Rilak & Tsocas (No. 2)

Case

[2021] FamCA 351

20 May 2021

FAMILY COURT OF AUSTRALIA

Rilak & Tsocas (No. 2) [2021] FamCA 351

File number(s): SYC 2062 of 2010
Judgment of: HENDERSON J
Date of judgment: 20 May 2021
Catchwords: FAMILY LAW – PRACTICE AND PROCEDURE – Application for disqualification on the basis of actual bias – Importance of maintaining confidence in the administration of justice – Application for disqualification granted.  
Legislation: Family Law Act 1975 (Cth)
Cases cited: Anae v R [2018] NSWCCA 73
Hartnett v Sampson [2008] FamCA 75
R v Watson (1976) 136 CLR 248
Number of paragraphs: 13
Date of hearing: 20 May 2021
Place: Sydney
The Applicant: Litigant in person
The Respondent: Litigant in person

ORDERS

SYC 2062 of 2010
BETWEEN:

MS RILAK
Applicant

AND:

MR TSOCAS
Respondent

ORDER MADE BY:

HENDERSON J

DATE OF ORDER:

20 MAY 2021

THE COURT ORDERS THAT:

1.That Justice Henderson be disqualified from further hearing this matter in any capacity.

Note:   The form of the order is subject to the entry in the Court’s records.

Note: This copy of the Court’s Reasons for judgment may be subject to review to remedy minor typographical or grammatical errors (r 17.02A(b) of the Family Law Rules 2004 (Cth)), or to record a variation to the order pursuant to 17.02 Family Law Rules 2004 (Cth).

IT IS NOTED that publication of this judgment by this Court under the pseudonym Rilak & Tsocas has been approved by the Chief Justice pursuant to s 121(9)(g) of the Family Law Act 1975 (Cth).

EX TEMPORE REASONS FOR JUDGMENT

  1. In this matter, the mother has made an application that I disqualify myself from further hearing this matter, which is two contravention applications she has brought in respect of what she says are orders contravened by the father and made by Loughnan J on 13 November 2015.

  2. I am part way through hearing this matter in that I am yet to deliver a judgment in relation to whether there is a prima facie case regarding the father's agreed failure to provide telephone time between the mother and the child pursuant to his Honour's orders, namely order 12. I am yet to hear and determine the second application which is the father's failure to advise the mother prior to changing the child's address and school, which matter I have listed for a hearing on 18 August 2015. 

  3. I found there was a prima facie case against the father in respect of that contravention and I stood over for hearing his reasonable excuse.  I am still to deliver the judgment as to whether I accept the father's position that there is no prima facie case in respect of the alleged contraventions of telephone time.  The applications for contravention were listed before me pursuant to leave I granted to the mother to file these applications given that Gill J had declared her, for want of a better word, a vexatious litigant under the Family Law Act 1975 (Cth) and leave was required before she could commence any fresh applications.

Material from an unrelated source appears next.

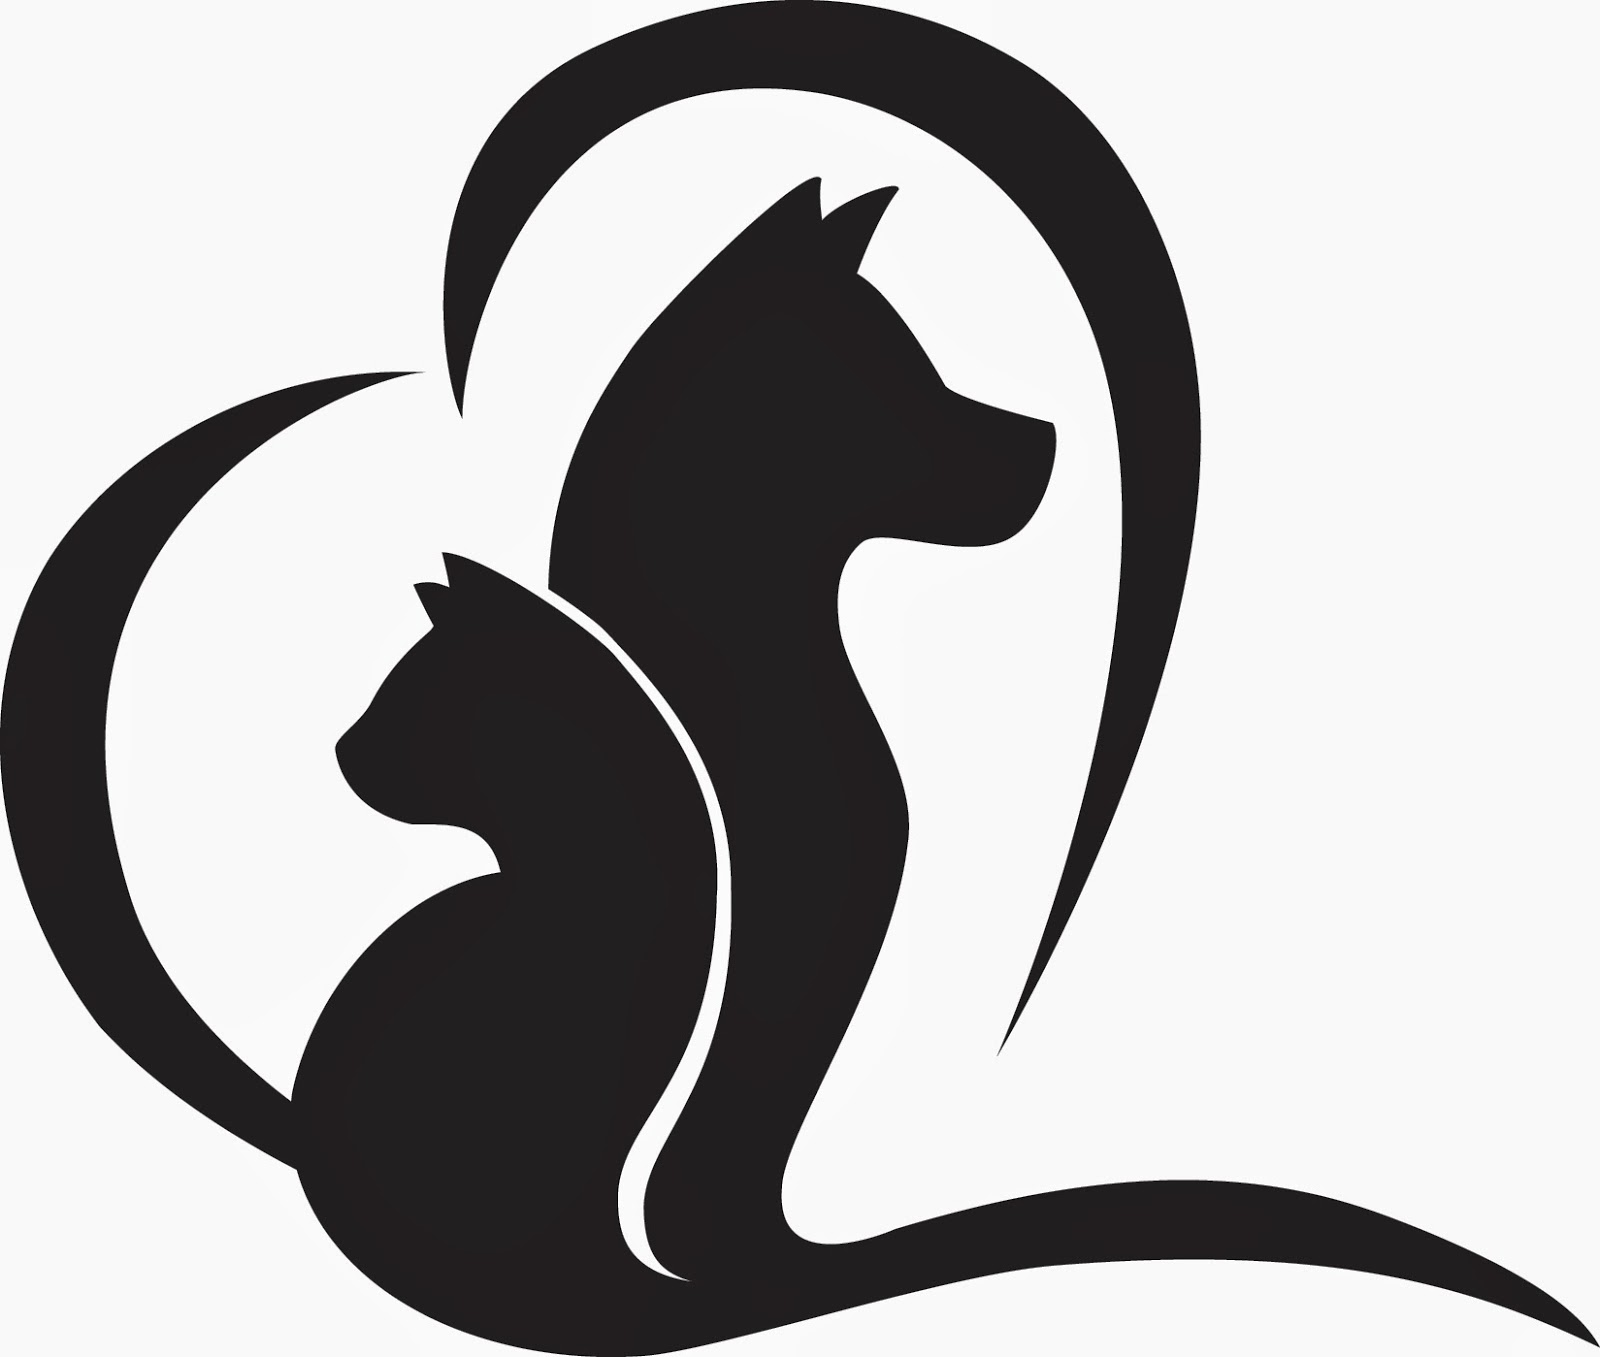 Cat logo clipart clip art black and white download Dog And Cat Clipart Black And White | Free download best Dog And Cat ... clip art black and white download

The mother now seeks I disqualify myself on the basis of three points.

  4. The first is she has lost confidence in my capacity to exercise impartiality.  I am not entirely sure what that relates to, however it would appear to be that on 18 February 2021, I did not give her leave to commence or proceed with a hearing of an Application in a Case filed 12 February 2021 seeking to set aside the orders of Gill J made 4 February 2020.  The mother asserts that in so doing, I was being partial and not impartial.  Secondly, during the hearing in the contravention proceedings, the mother raised an issue that she wanted to adjourn the contravention hearing - this is, in particular, in relation to the alleged breaches of telephone time - because she asserts that there was an improper delegation or conferring of Federal judicial power on Ms RR, psychologist, by Order 27 of orders made by Loughnan J on 13 November 2015, which order reads as follows:

    The parents shall attend such appointments as the therapist makes…

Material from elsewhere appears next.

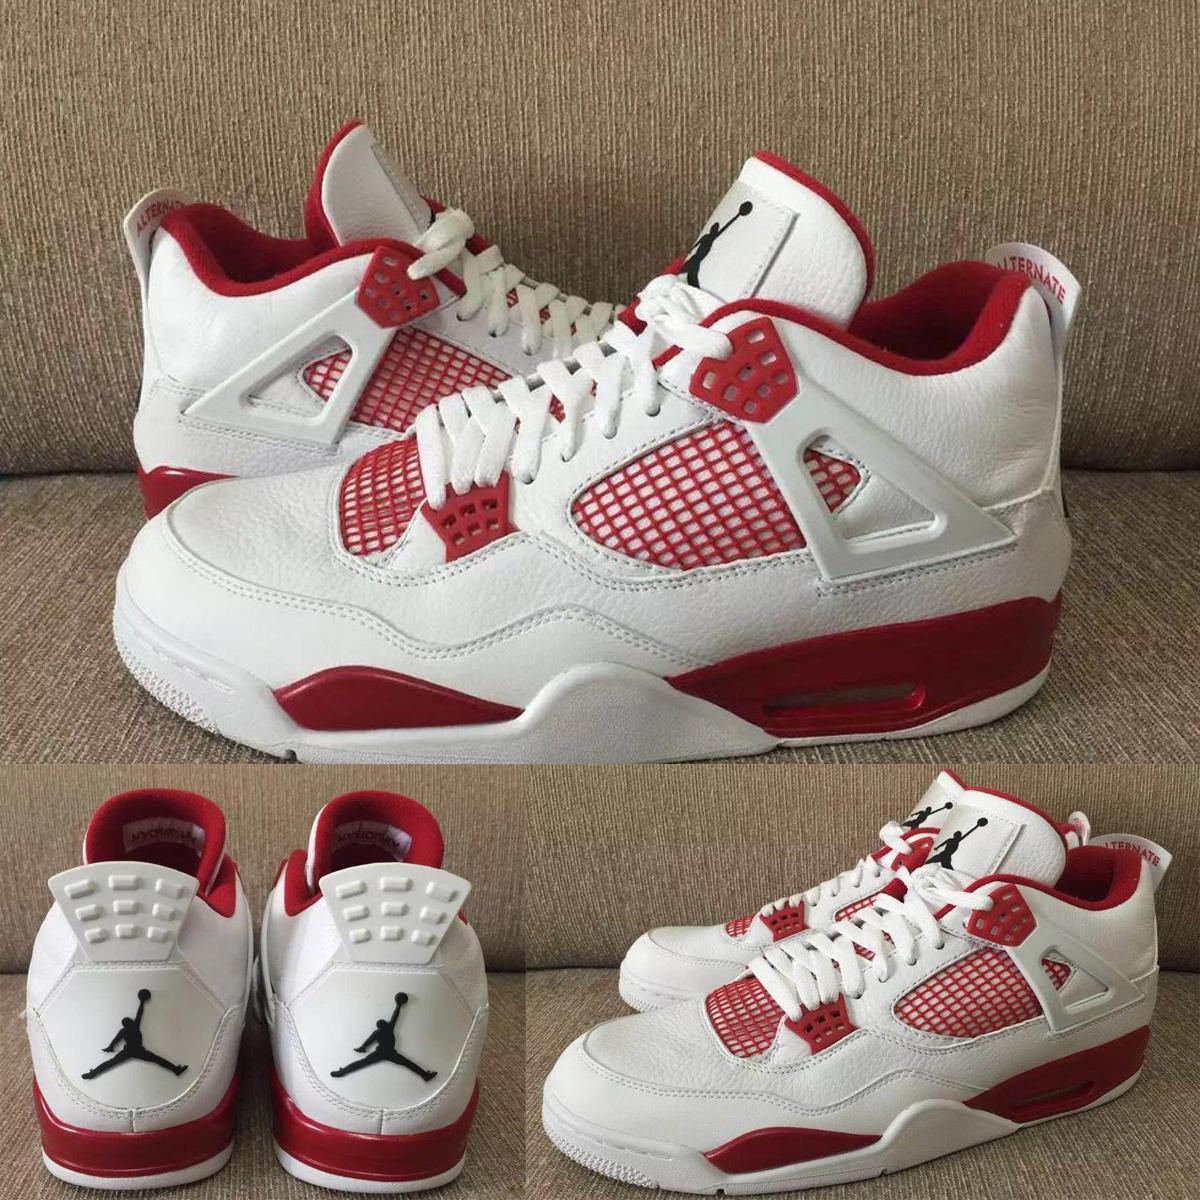 Mens Air Jordan 4 IV) Retro High Cool Grey shoes

    This is the offending part of his Honour's orders as the mother alleges:

    …and follow all recommendations made by the therapist, including but not limited to referrals to other treating professionals for either or both of the parents and for B. 

  5. This is the order that the father says he is relying upon to prove there is no prima facie case and he is not in breach of his Honour's orders, despite the fact he agrees the child has not had telephone contact with her mother for some time.  I refused to adjourn the contravention applications and advised the mother she was entitled to take whatever action she wanted in the High Court, seeking the intervention of Attorney-Generals of the State and the Commonwealth.  The mother has, in fact, done that and tendered to me today a document which is marked mother's exhibit 3, consisting of three pages where she has notified both the Federal, New South Wales and Victorian Attorney-Generals that she is raising this constitutional point.

  6. All three Attorney-Generals have basically written back and said they will not be intervening in the Family Court or applying to remove the cause from that court to the High Court.  Further, that if the proceeding is taken further on appeal, or is removed to the High Court, they may consider intervening. That is basically what each three Attorney-Generals have said.

  7. Secondly, the mother says I bullied her and told her that if she raised the constitutional point, I would dismiss both the contraventions, even if she only raised the constitutional point in respect of one contravention.  In those circumstances it seems the argument is I displayed actual bias, not apprehended bias, but actual bias.  In those circumstances, she tells me she has written two letters of complaint to my Chief Justice and a letter of complaint to the Federal Parliament, neither of which document I have seen and that is certainly her right to exercise in our democracy. 

  8. Third, the mother raises the issue that I should disqualify myself because I did not give leave to proceed with the application to set aside Gill J’s order and in circumstances where she says she has lost confidence in my capacity to exercise my judicial power impartially.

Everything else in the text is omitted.